**EXERCISE**
The data below should be transcribed in full, with no picture included.

**INPUT DATA**
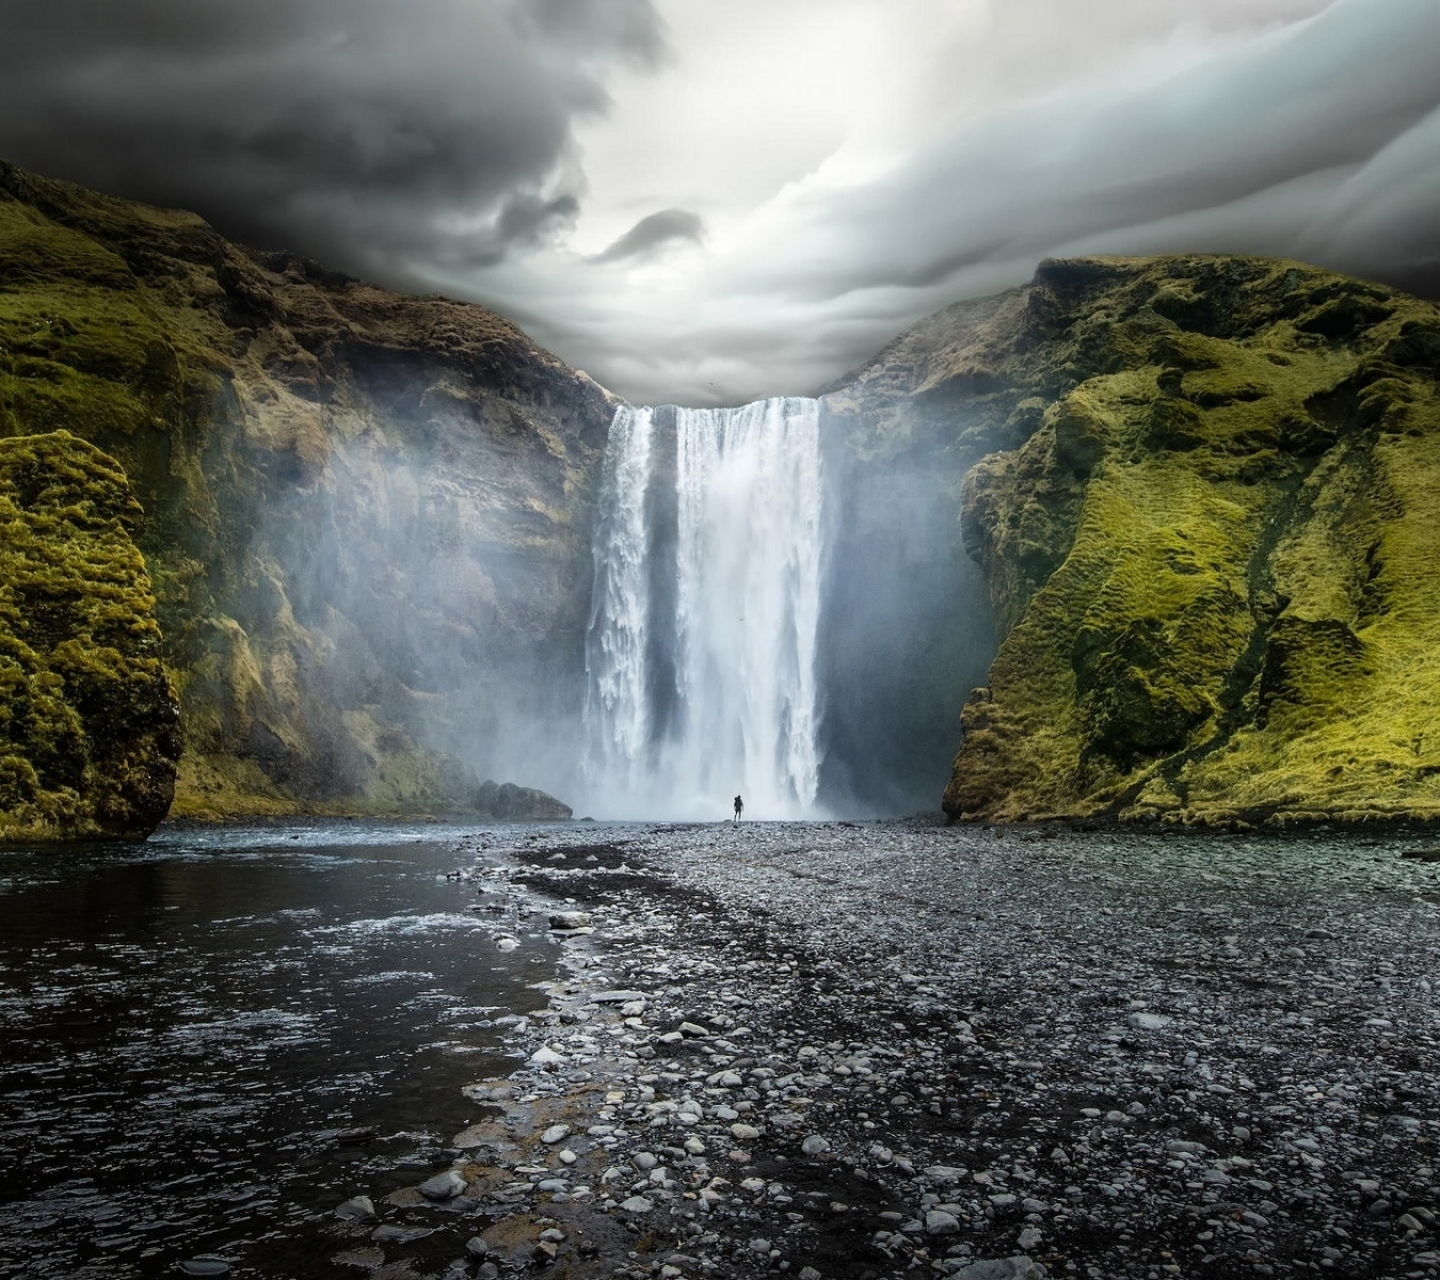 Скачать картинку Облака, Водопады, Водопад, Холм, Облако, Исландия, Земля/природа, Скоугафосс, Водопад Скоугафосс в телефон бесплатно.
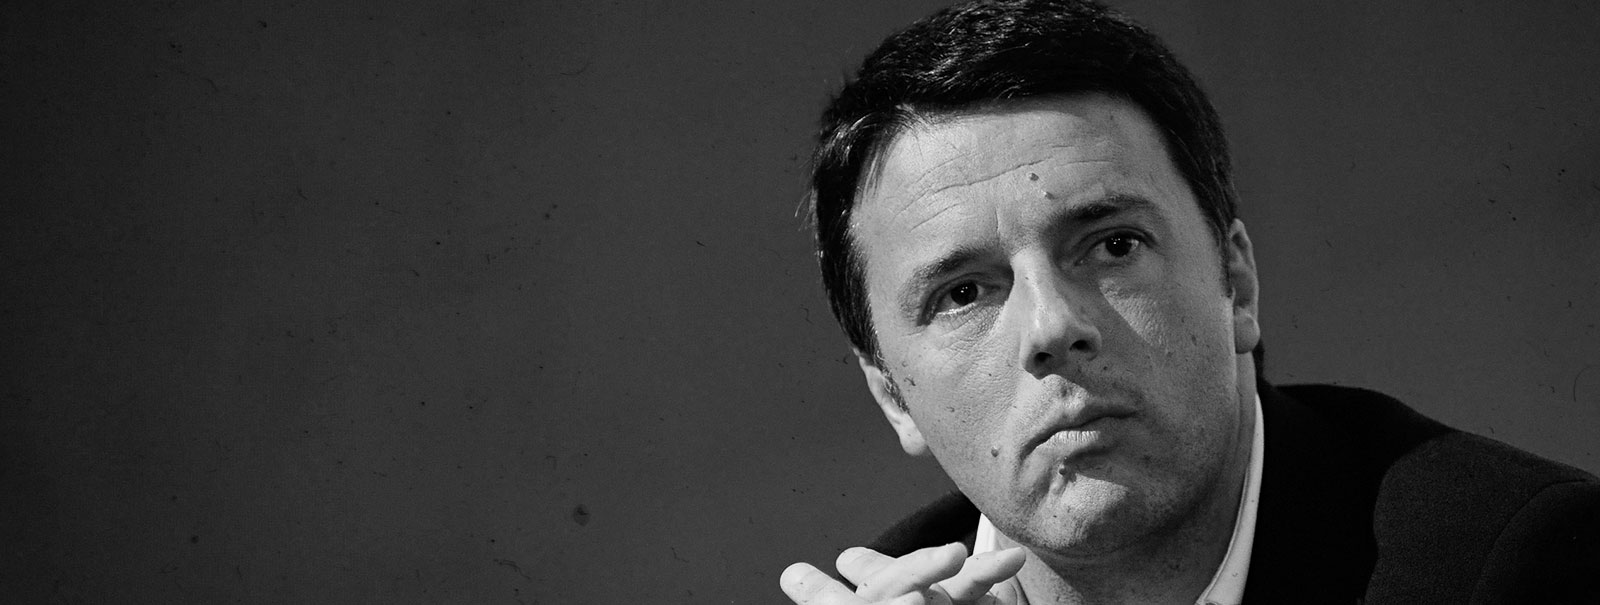 Cosa ha in mente, davvero, Matteo Renzi?
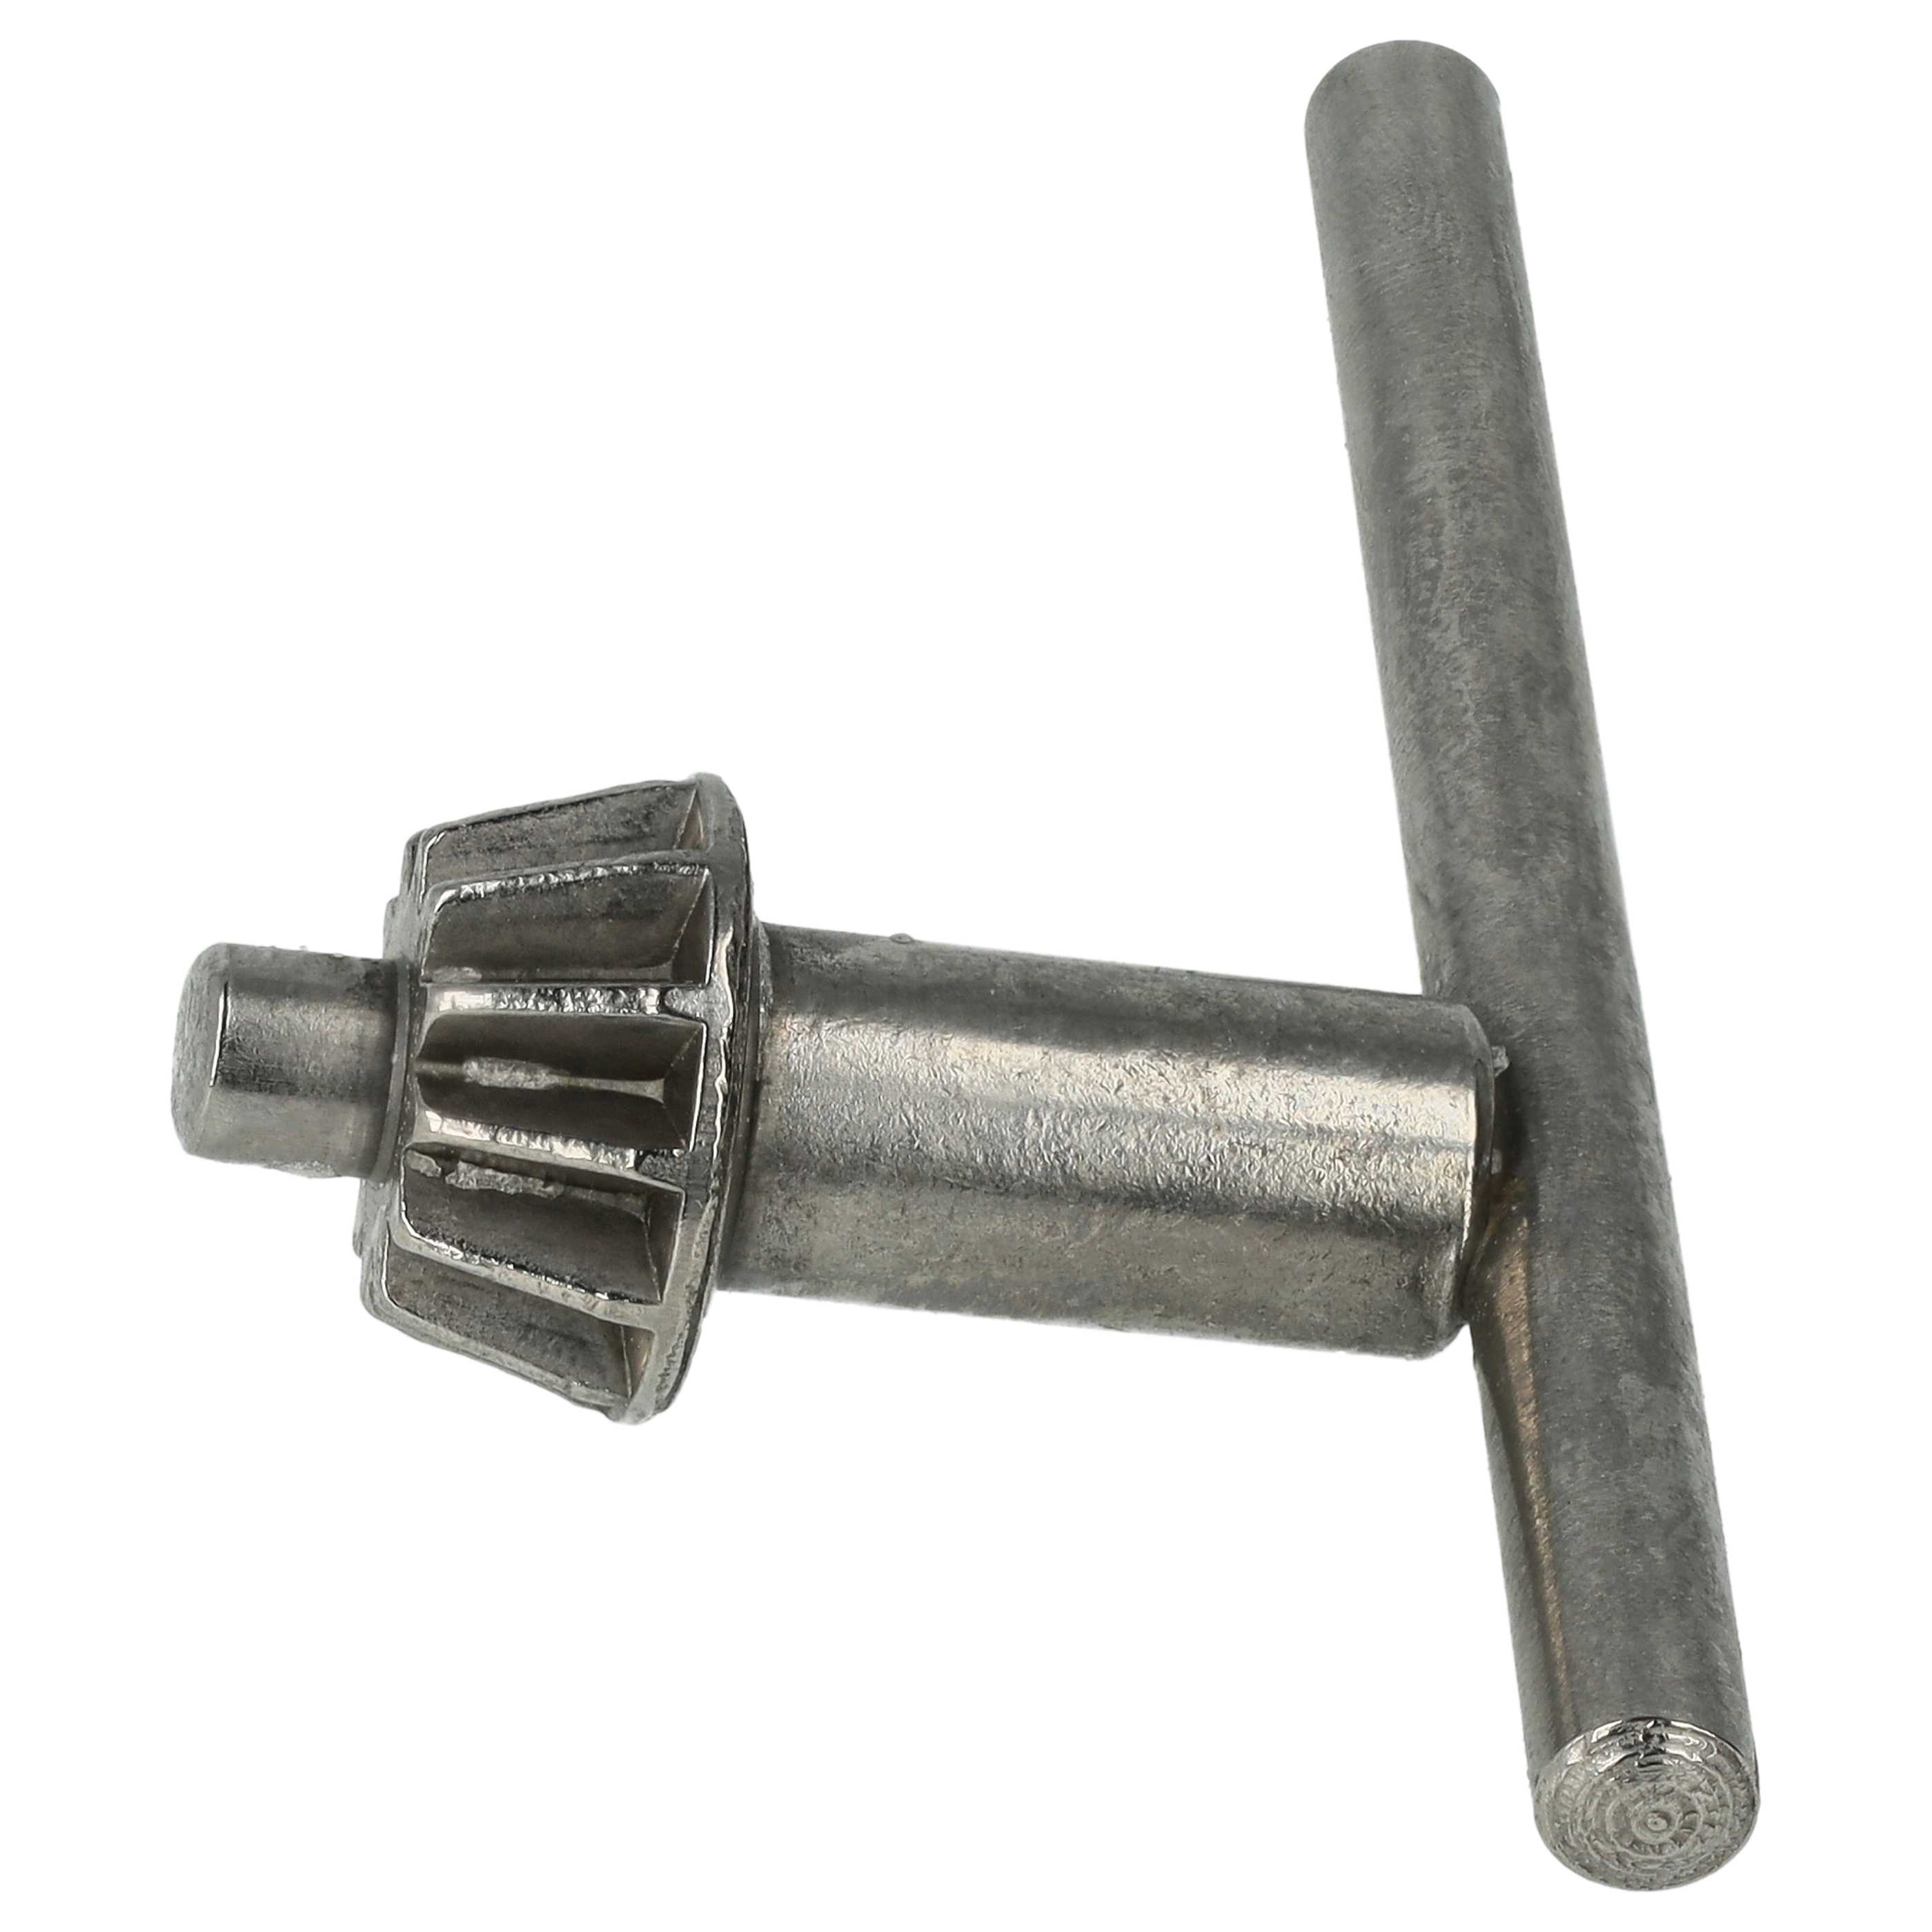 Mandrin avec clé remplace Kress 30648 pour visseuse, perceuse à percussion – 1,5 - 13mm, 13mm (1/2") x 20

**ANSWER BOX**
 Скачать картинку Облака, Водопады, Водопад, Холм, Облако, Исландия, Земля/природа, Скоугафосс, Водопад Скоугафосс в телефон бесплатно.
 Cosa ha in mente, davvero, Matteo Renzi?
 Mandrin avec clé remplace Kress 30648 pour visseuse, perceuse à percussion – 1,5 - 13mm, 13mm (1/2") x 20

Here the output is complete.